MlflowException: Failed to enforce schema of data '[{'a': 'we are expecting strings', 'b': 'and only strings'}, [1, 2, 3]]' with schema '['a': string (required), 'b': string (optional)]'. Error: 'list' object has no attribute 'keys'
Wrapping Up: Insights and Best Practices from the MLflow Signature Playground
As we conclude our journey through the MLflow Signature Playground Notebook, we’ve gained invaluable insights into the intricacies of model signatures within the MLflow ecosystem. This tutorial has equipped you with the knowledge and practical skills needed to effectively manage and utilize model signatures, ensuring the robustness and accuracy of your machine learning models.
Key takeaways include the importance of accurately defining scalar types, the significance of enforcing and adhering to model signatures for data integrity, and the flexibility offered by MLflow in updating an invalid model signature. These concepts are not just theoretical but are fundamental to successful model deployment and management in real-world scenarios.

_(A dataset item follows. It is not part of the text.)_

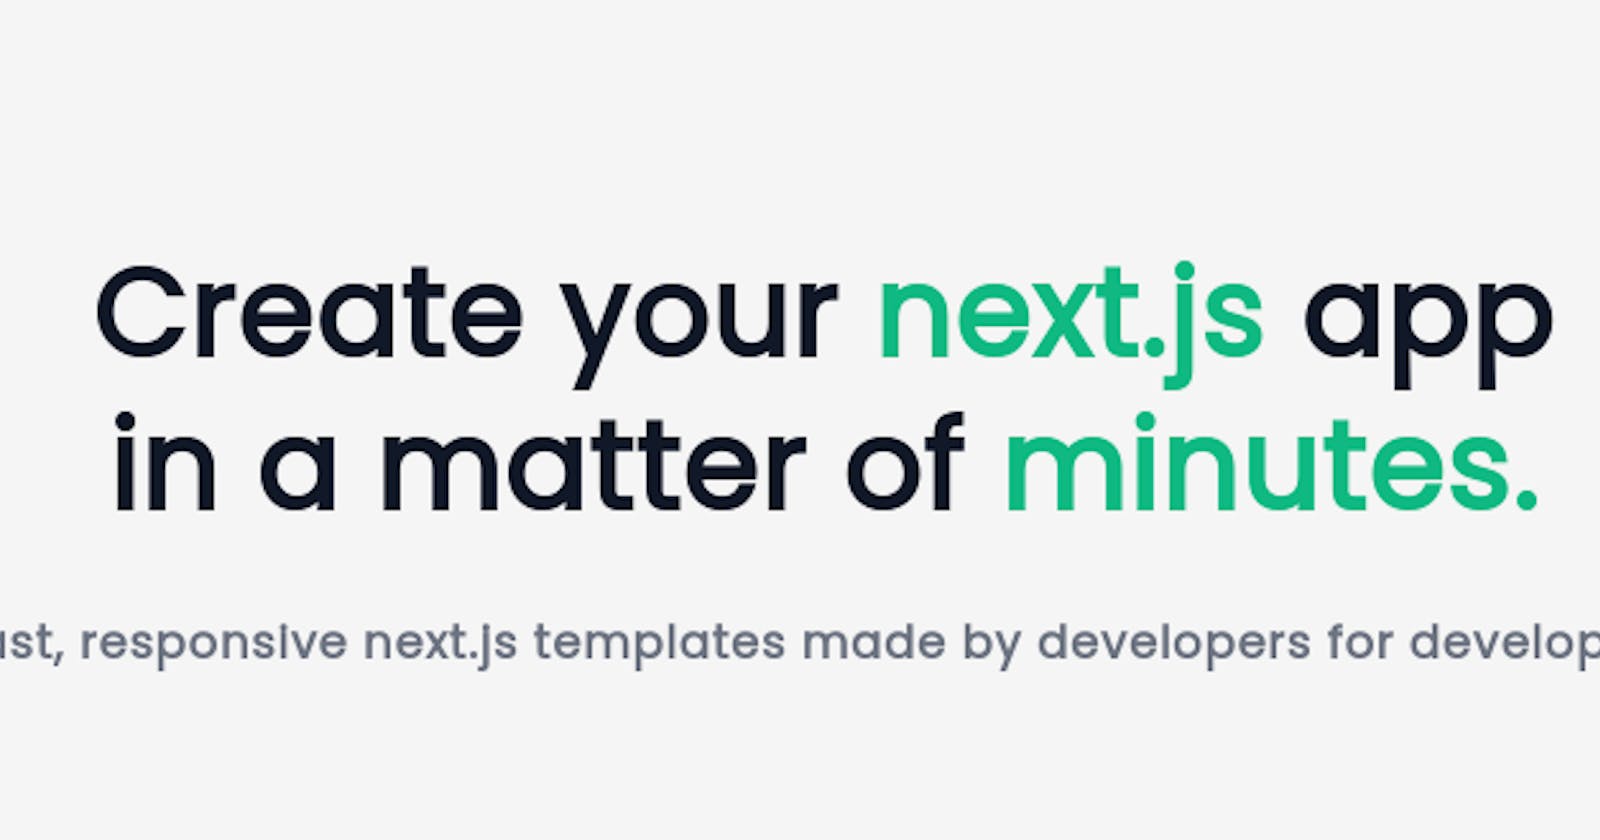 Next.js templates is now live

Whether you’re a data scientist refining your models or a developer integrating machine learning into your applications, understanding and utilizing model signatures is crucial. We hope this tutorial has provided you with a solid foundation in MLflow signatures, empowering you to implement these best practices in your future ML projects.